И он разговаривает с Сенсеем из последних сил, Сенсей не отзывается, своды рушатся, падают рядом, растрескивая, ломая ступени, от боли сгибает пополам, но он идёт к нему. Оступаясь, шагает. Идёт. Знает, что это не Уцуро, что это — Йошида Шоё из Шоку Сонджуку.
Не понимает, почему сенсей молчит, почему сенсей делает такое грустное лицо, и боль, толчками пульсирующая под самым сердцем ядом шепчет, что тот, кого сенсей хотел бы видеть на его месте, был Гинтоки, всегда Гинтоки, но он отмахивается от этого пульса — пусть.

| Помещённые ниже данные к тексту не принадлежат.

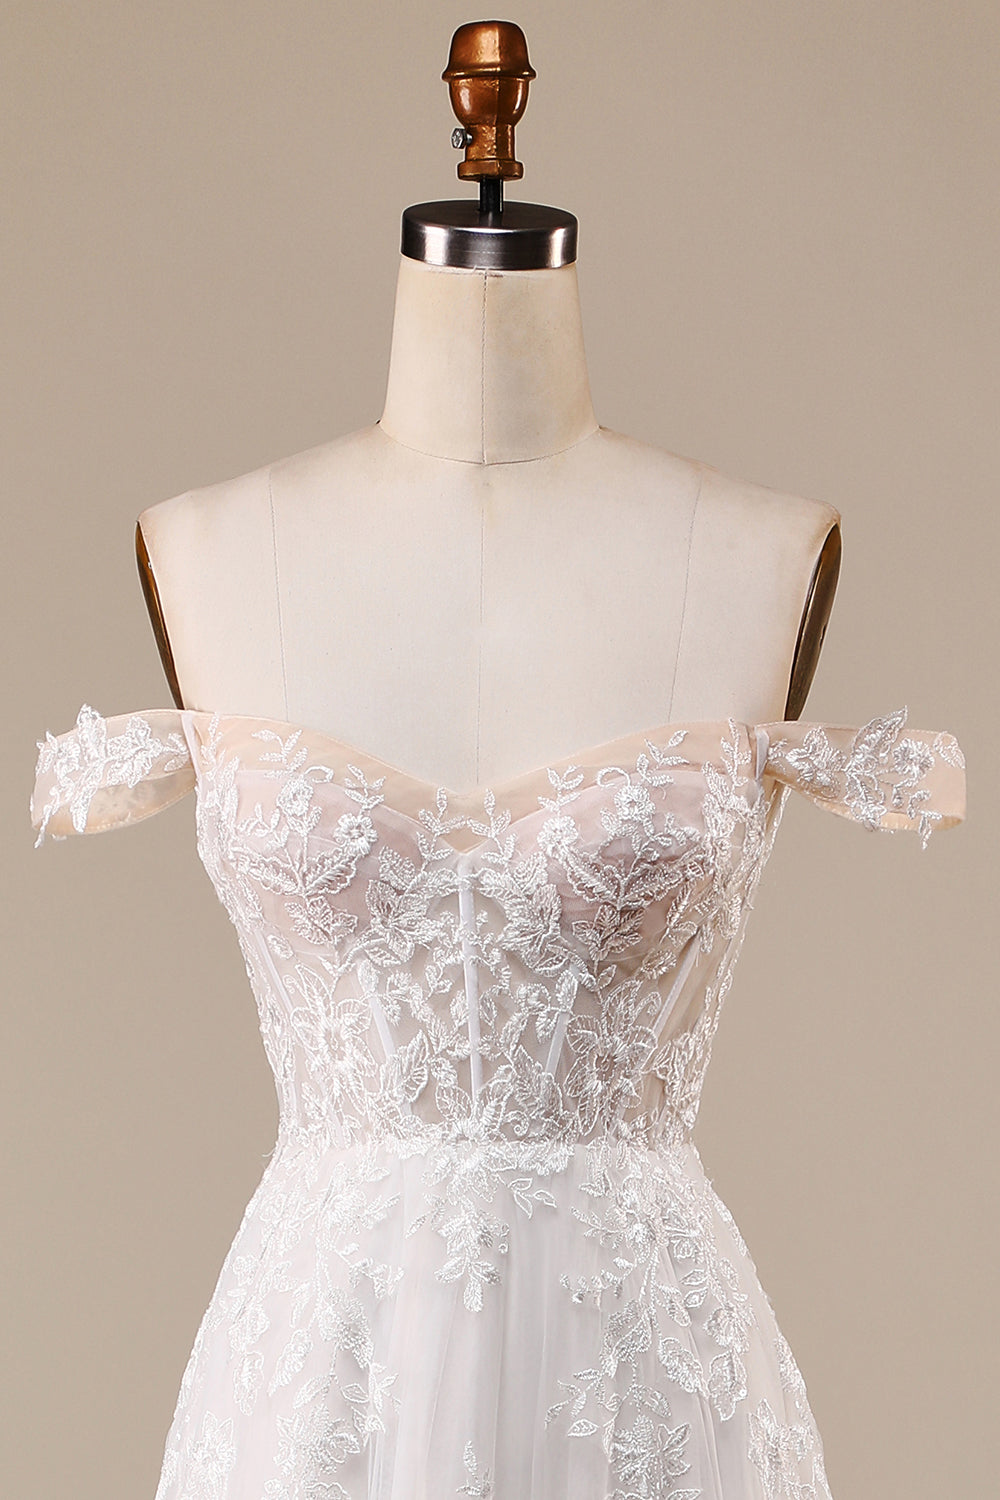 Ivory A Line Detachable Off the Shoulder Corset Tulle Wedding Dress

Горло хрипит, высачивая из глотки кровь, та вязкой паутиной тянется вниз сквозь кашель, но он не видит ничего, кроме сенсея. Улыбка вымучивается, корчится всё шире, застывает, глаза почти смыкаются, на грани яви и сна.
Не сна.
Смерти.
Он обещает, что сделает то, чего не смог сделать Гинтоки, чего не смог сделать сам — обещает защитить, уверяет, что они сумеют это сделать, все вместе, и он так хочет, так хочет, чтобы сенсей ему поверил, один единственный раз, чтобы всё было как раньше, когда они, втроём, сломя голову бежали вслед за сенсеем, возвращаясь на огненном закате в додзё, и нет ни боли, ни страданий, есть только будущее, и он зовёт сенсея — вернуться, обратно, в Шока Сонджуку, где он был счастлив, где были счастливы они. Единственный раз. Зовёт вернуться. С ними. Связанными узами. С теми, у которых будущее было.
Не с ним.
Ведь он...
Зовёт Сенсея.
Ещё... одну... ступень.
Делает ещё один шаг. И падает, валится, как обрушивающийся сверху свод, ноги больше не держат, но он не может — протягивает дрожащую руку, медленно ползёт вслед — не может прекратить цепляться, не может отпустить, не может. Ещё немного... Ещё чуть ближе... Как же он... жалок. Его цепляющийся за прошлое меч заржавел, раскрошился трухой в пальцах, но он не может продолжать ползти, он должен идти, идти, вскарабкивается на колени. Сенсей отвечает.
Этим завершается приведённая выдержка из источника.